Bringing the classics back to life
By Wang Ru | China Daily | Updated: 2019-08-12 07:39
"Originally, the custom was not specifically carried out on Qixi, but it always took place in the hot summer months. Since Qixi happens to fall during this period, people started to show off their books during the festival," says Zhang Zhiqing, deputy director of the National Library of China.
In keeping with this tradition, the National Library of China has teamed up with the Confucius Museum in Qufu, a county-level city in East China's Shandong province, to organize the first Chinese Traditional Book Sharing Conference. Opening on Aug 7, the day of this year's Qixi Festival, the conference and related book sharing events will run through Sept 6 at venues located across the country.

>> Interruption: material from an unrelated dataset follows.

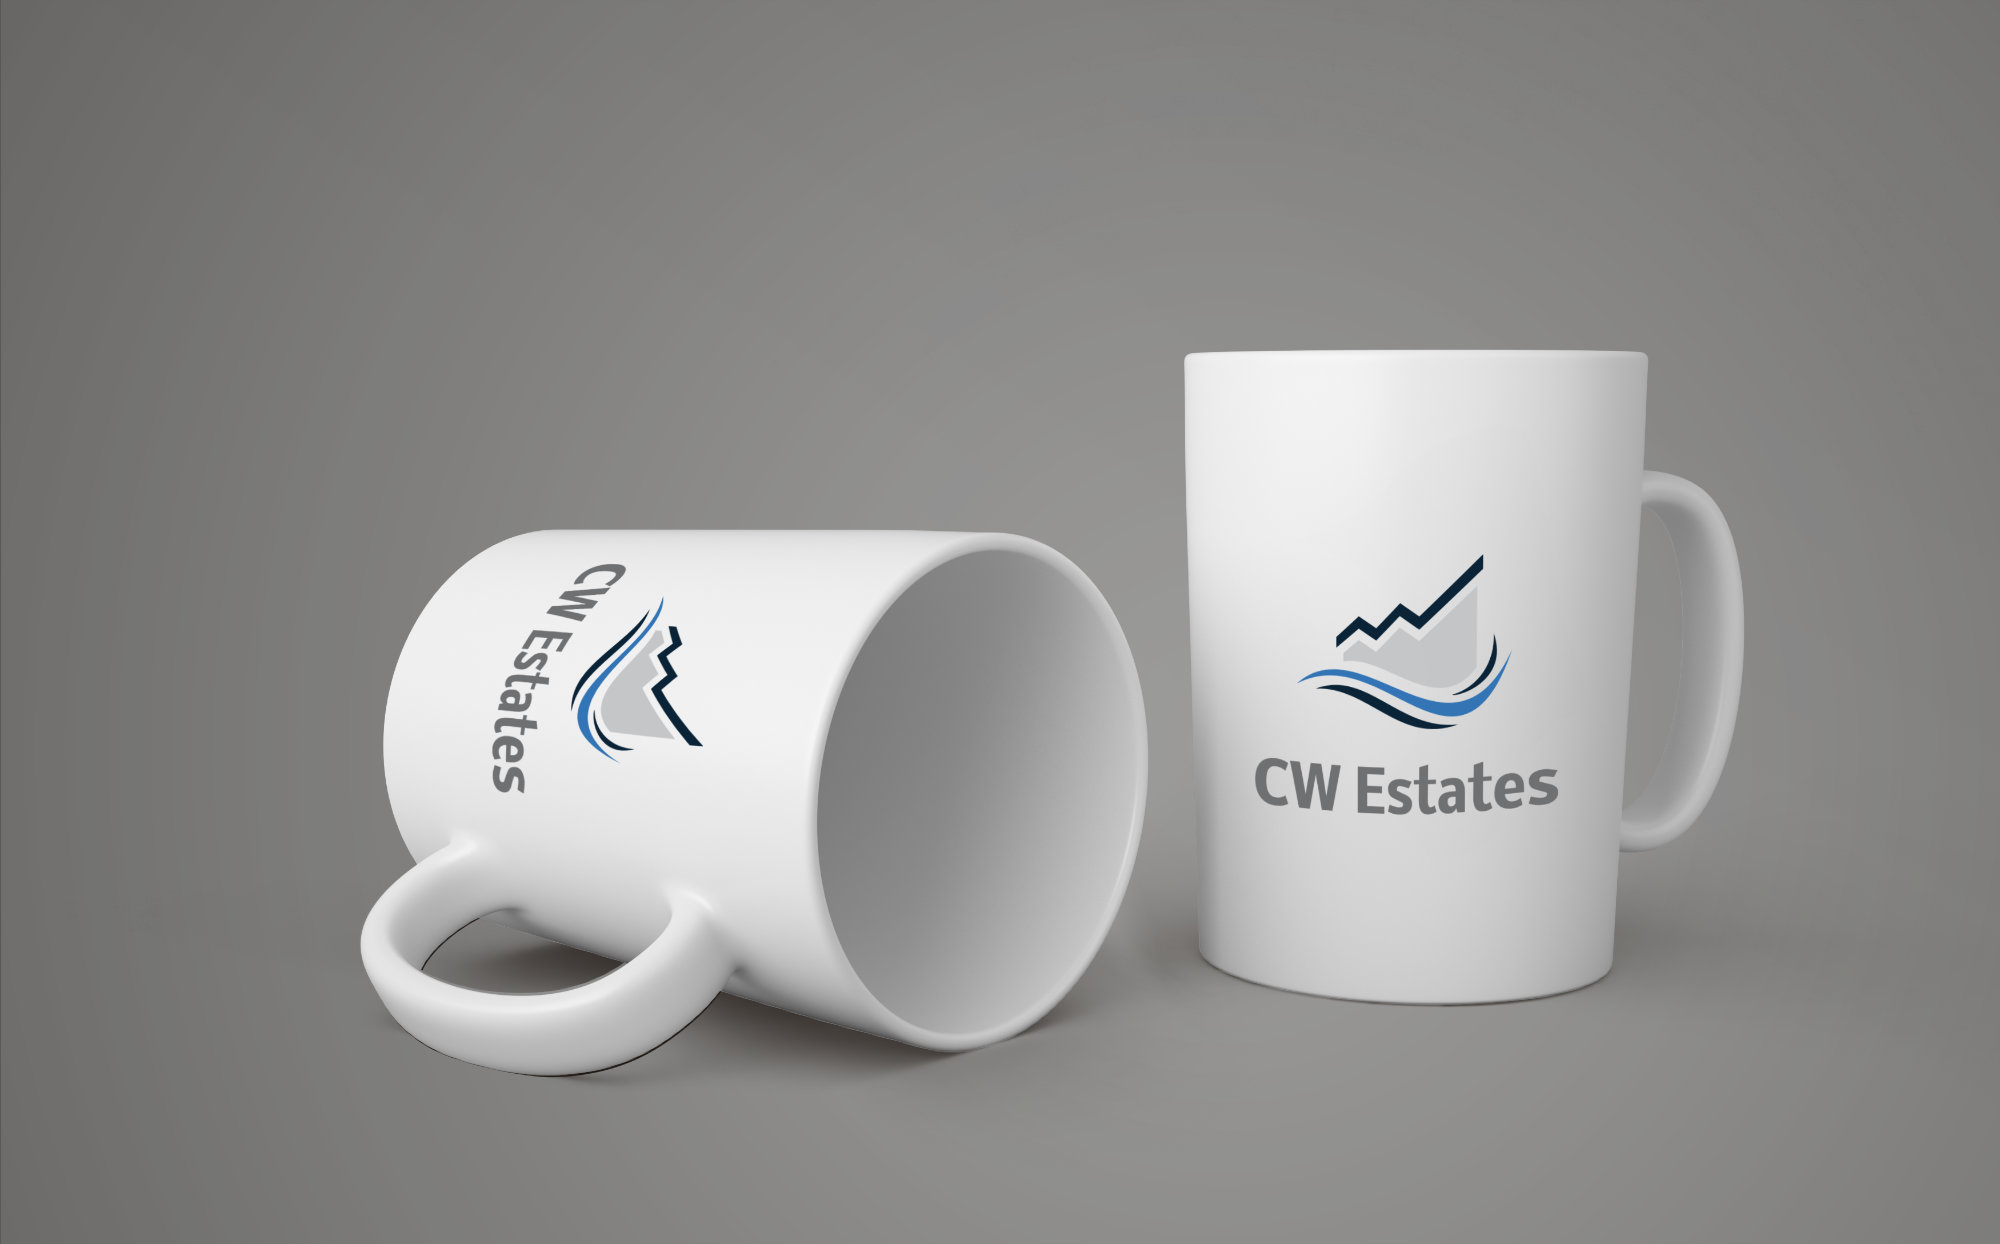 CW Estates
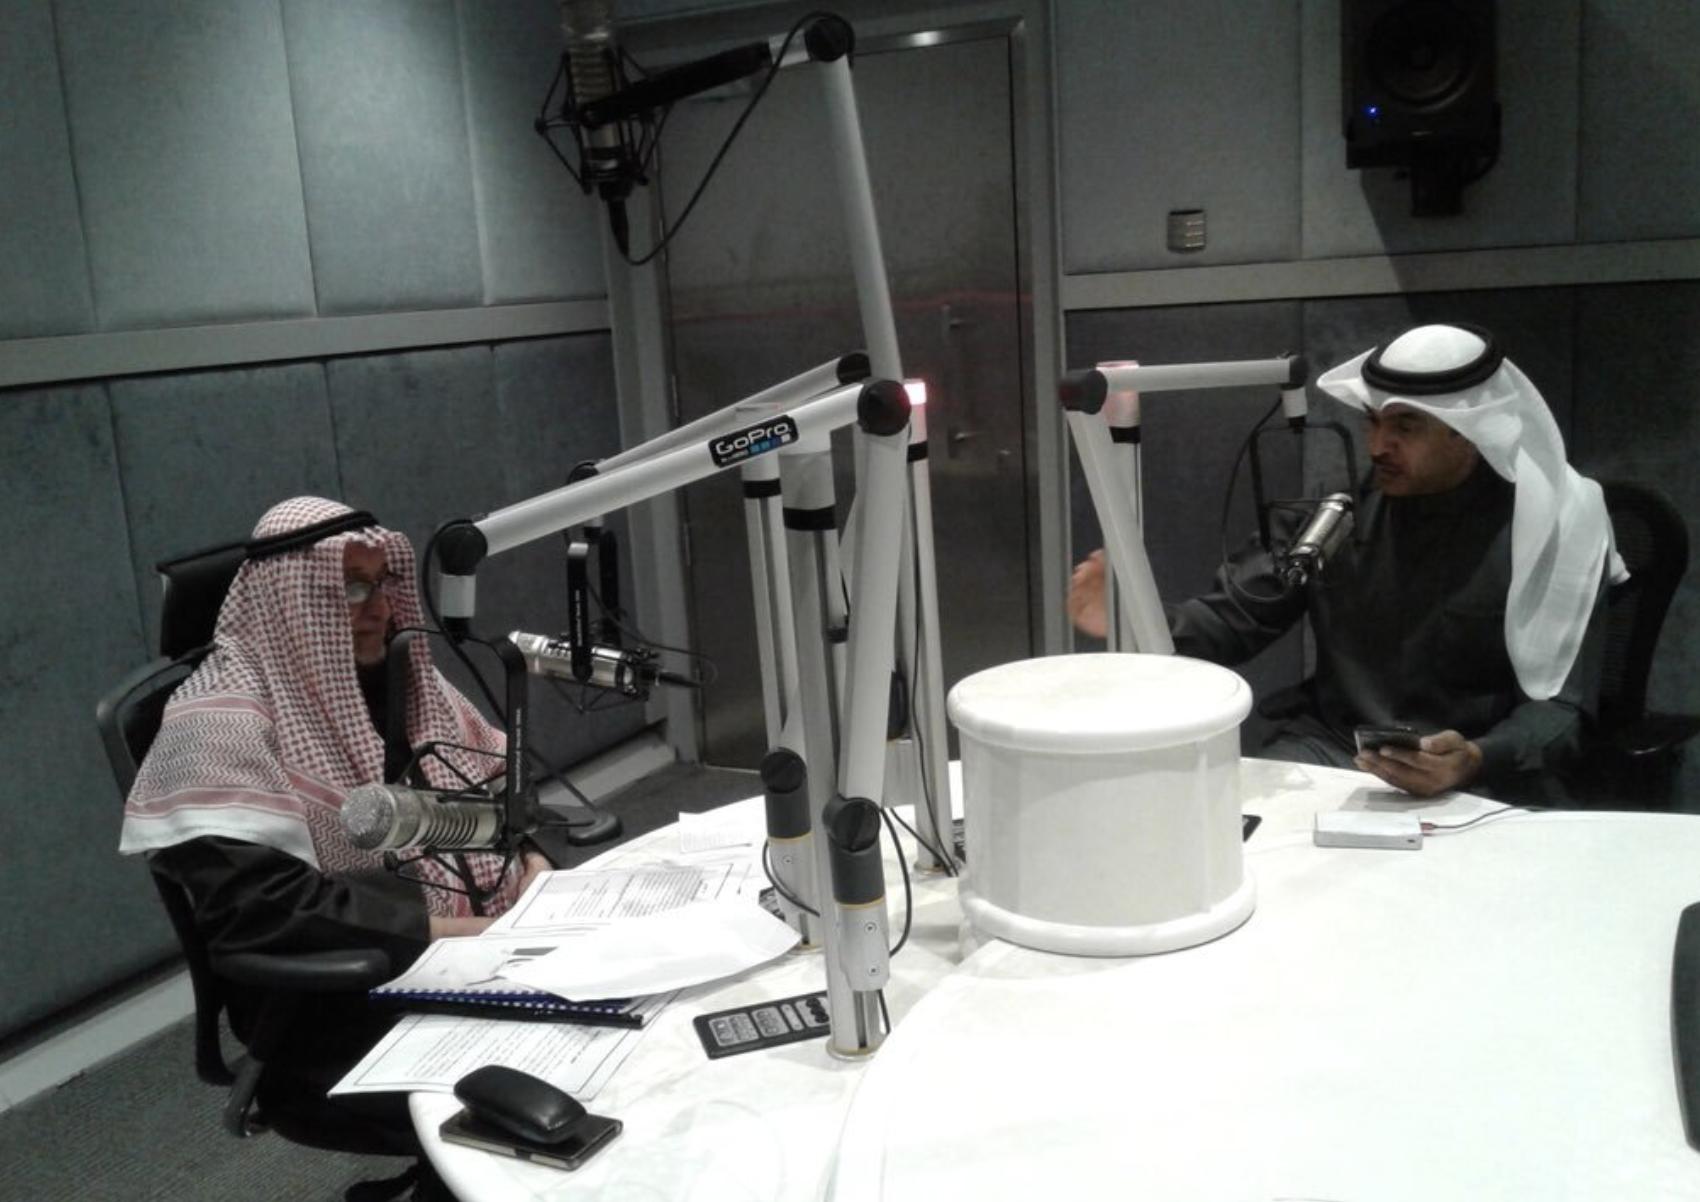 استضافة الاعلامي أ. بسام الجزاف الشيخ عبداللطيف سيف العتيقي

A day ahead of the event's national launch, a number of precious ancient books went on display at the Confucius Museum in Qufu, including The Analects of Confucius, documents kept by the Kong family and rubbings from ancient stone inscriptions.
Wei Li, a bibliophile based in Beijing, says he was most impressed by a set of rubbings of 13 Confucian classics carved in stone under Emperor Qianlong's (1711-99) reign in the Qing Dynasty (1644-1911). "They are precious not only because they may have been given to the Kong family by the emperor, but also because they show some royal techniques never seen in folk art," says Wei.